Supplementary Material

1. Figure S1 (related to Figure 1.).

A. (Left) Bones were extracted from 8 – 12 week old female mice and 20 million cells were plated per 15 cm dish in Media with M-CSF for 7 days. (Right) Average number of cells extracted per mouse (C57: 14 harvest (n=53), BALB: 11 harvest (n=54), NOD: 10 harvest (n=47), PWK: 12 harvest (n=99), SPRET: 9 harvest (n=66)). B. Comparison of polyA RNA-seq replicates for C57 in no treatment (left) and after KLA treatment for 1h (right) (TPM = transcripts per kilobase million). C. Clustered Spearman correlation matrix for different RNA-seq replicates for no treatment and KLA 1h. D. Gene dendrogram and module colors from WGCNA analysis.

10. Table S1 (related to Figure 1). Summary of mRNA expression.

Gene expression measured by RNA-seq normalized to log2 transcripts per million (TPM) in replicates for all expressed genes (TPM > 1) for BALB, C57, NOD, PWK, and SPRET BMDMs under notx and after KLA 1h treatment.

11. Figure S2 (related to Figure 2).

A. Clustered Spearman correlation matrix for GRO-seq replicates using tag counts along gene bodies for no treatment and KLA 1h. B. Distance of RefSeq annotated transcription start sites (TSS) and TSS defined by 5′GRO-seq data for C57. C. Bar plot showing the percentage of overlap between RefSeq annotated TSS and TSS defined by 5′GRO-seq signal for no treatment and KLA 1h. D. Relationship of differential RNA-seq expression as a function of mutations between -300 and +50 bp of the TSS defined by 5′GRO-seq signal. E. Ratio-ratio plot of gene body GRO-seq tag counts in BMDMs derived from C57 and PWK mice versus allele-specific tag counts in BMDMs derived from PWK x C57 F1 mice. F. Boxplot showing average percentage of cis-regulated genes between parental and F1 alleles (FPC = PWK x C57 F1, FSC = SPRET x C57 F1).

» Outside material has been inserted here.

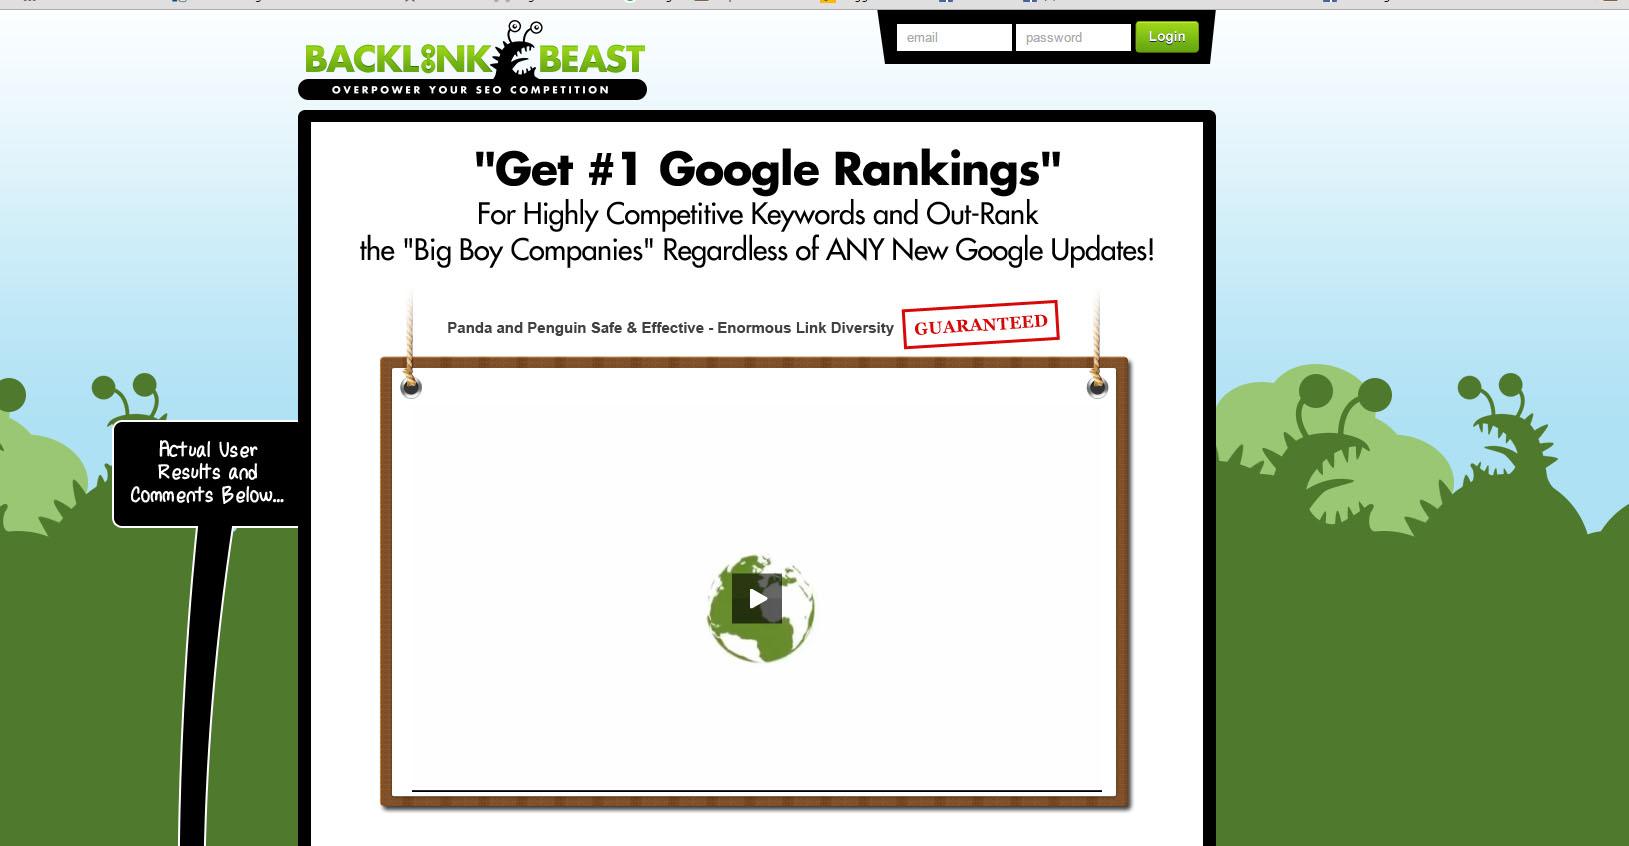 Best SEO softwere for SEO expert Backlink beast

2. Figure S3 (related to Figure 3).

A. Comparison of replicates for PU.1 notx ChIP-seq for C57 (left) and SPRET (right). Grey dots are peaks called in either replicate, green dots are peaks passing IDR. B. Clustered Spearman correlation matrix for PU.1 ChIP-seq replicates (top left), C/EBPβ ChIP-seq replicates (top right), CJUN ChIP-seq replicates (bottom left), and P65 ChIP-seq replicates (bottom right) for all strains in no treatment and KLA 1h conditions (KLA 1h condition only for P65). C–F. Scatter plots of log2 tag counts for H3K4me2 ChIP-seq regions (C), C/EBPβ ChIP-seq peaks (D), CJUN ChIP-seq peaks (E) and P65 ChIP-seq peaks (F) comparing BALB and C57 (left) and SPRET and C57 (right). Regions exhibiting >2-fold or >4-fold different binding are colored light blue and dark blue, respectively. G. Ratio-ratio plot of normalized PU.1 ChIP-seq tag counts in BMDMs derived from C57 and PWK mice versus allele-specific tag counts in BMDMs derived from PWK x C57 F1 mice. H. Boxplot showing average percentage of cis-regulated TF binding sites for all loci with fold change going in the same direction, for all loci with 2-fold change (4-fold change, respectively) in parental and F1 alleles a I. SNP+InDel frequencies in CEBPβ, CJUN and P65 peaks for the indicated strain comparisons. J. Average minimum and maximum tag counts per peak for ATAC-seq (left) and PU.1 (right) with >4-fold difference in binding between C57 versus SPRET without mutations that overlap or do not overlap structural variances. K. Percentage of differently bound ATAC-seq and PU.1 peaks without mutations overlapping structural variances (left panel) and peaks with mutations overlapping structural variances (right panel).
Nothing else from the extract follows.